我知道这个特定的查询有效,因为我用未经准备的程序方法对其进行了测试。这里是:
$name = 'introduction';
$mysqli = new mysqli('localhost', 'user', 'pass', 'db') or die('There was a problem connecting to the database.');
$stmt = $mysqli->prepare("SELECT name, content FROM sections WHERE name = ?");
$stmt->bind_param('s', $name);
$stmt->execute();
$stmt->bind_result($content);
$stmt->fetch();
echo $content;
$stmt->close();
我意识到,由于我在 section 表中有一个 id 列作为索引,因此我也需要绑定它,因为上面有 php.net 上的声明(再次感谢 Bill)。
这是新代码:
$name = 'introduction';
$mysqli = new mysqli('localhost', 'user', 'pass', 'db') or die('There was a problem connecting to the database.');
$stmt = $mysqli->prepare("SELECT name, content FROM sections WHERE name = ?");
$stmt->bind_param('s', $name);
$stmt->execute();
$stmt->bind_result($id, $name, $content);
$stmt->fetch();
echo $content;
$stmt->close();
再次感谢所有可以提供建议的人。
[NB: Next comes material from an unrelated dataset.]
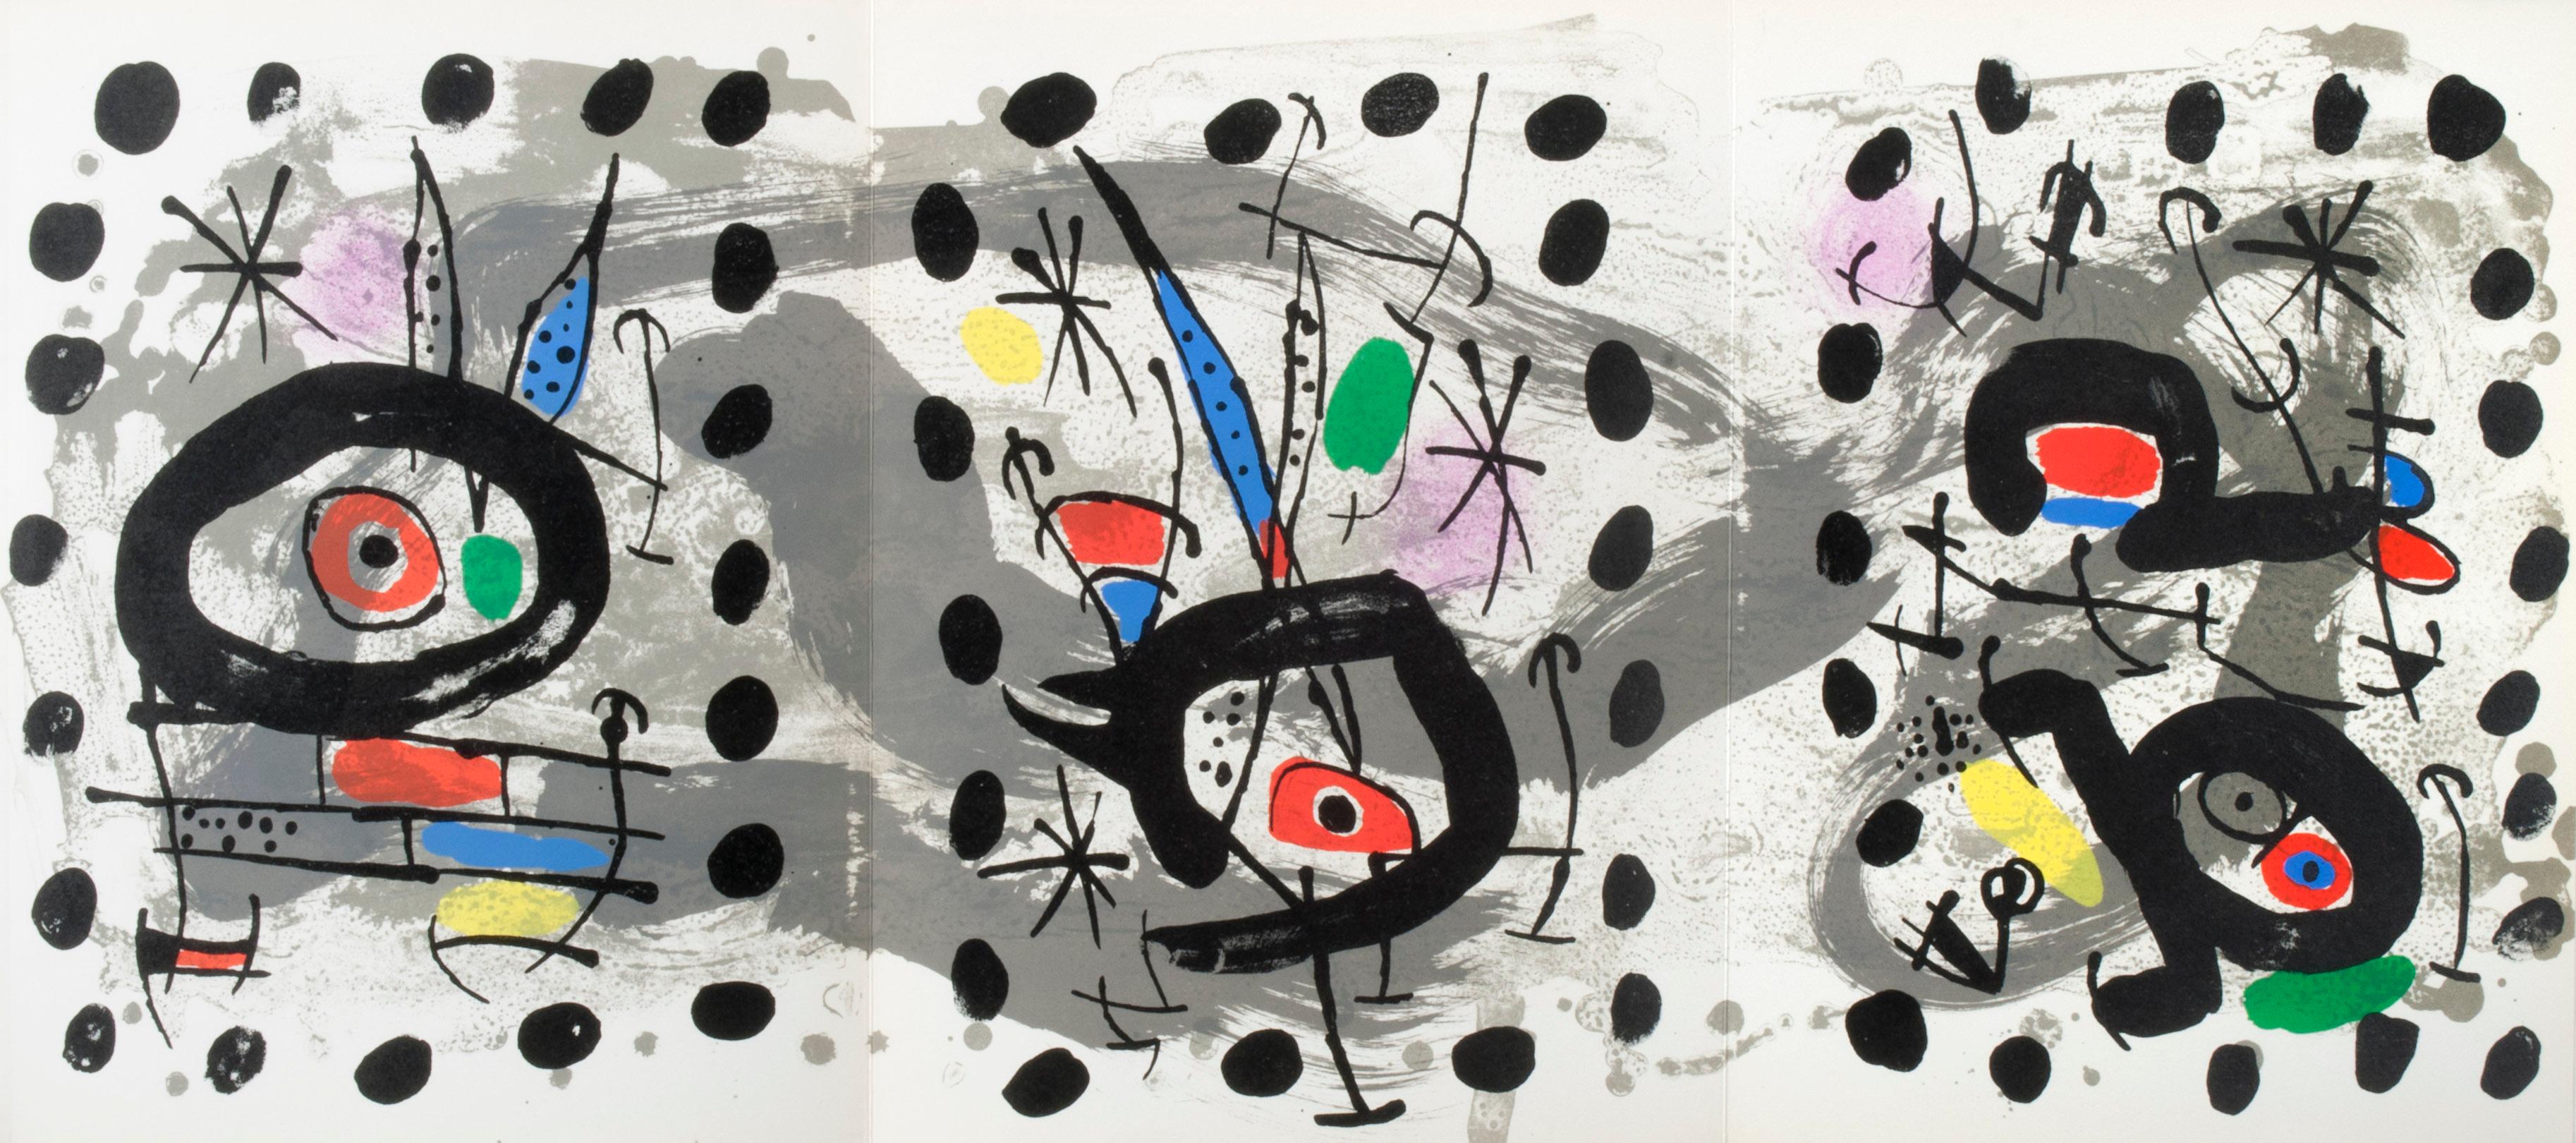 Joan Miró Abstract Print - Oiseau solaire, oiseau lunaire, etincelles (Solar Bird, Lunar Bird, Sparks)

(我很好奇:当以这种方式使用 OOP 样式的预准备语句时,我发现很难调试。例如,是否有一种简单的方法可以简单地查看实际使用的查询?)
如果我执行以下操作,就像一个简单粗暴的例子:
$name = 'introduction';
@mysql_connect('host', 'user', 'pass');
@mysql_select_db('db');
$query = "SELECT name,content FROM sections WHERE name = '$name'";
$result = mysql_query($query) or die(mysql_error());
while($row = mysql_fetch_object($result)) {
$content = $row->content;
echo $content;
}
我的数据出现了,一切都很好。但是,如果我执行以下操作:
$name = 'introduction';
$mysqli = new mysqli('localhost', 'user', 'pass', 'db') or die('There was a problem connecting to the database.');
$stmt = $mysqli->prepare("SELECT name, content FROM sections WHERE name = ?");
$stmt->bind_param('s', $name);
$stmt->execute();
$stmt->bind_result($name, $content);
$stmt->fetch();
echo $content;
$stmt->close();
我认为这是正确的(当然,如果不是,请随意大喊),我什么也没得到。更重要的是,使用该代码,当我进行 html 验证(以防万一)时,我收到内部服务器警告(500),我认为这是 sql 代码的问题。我只是疯了吗?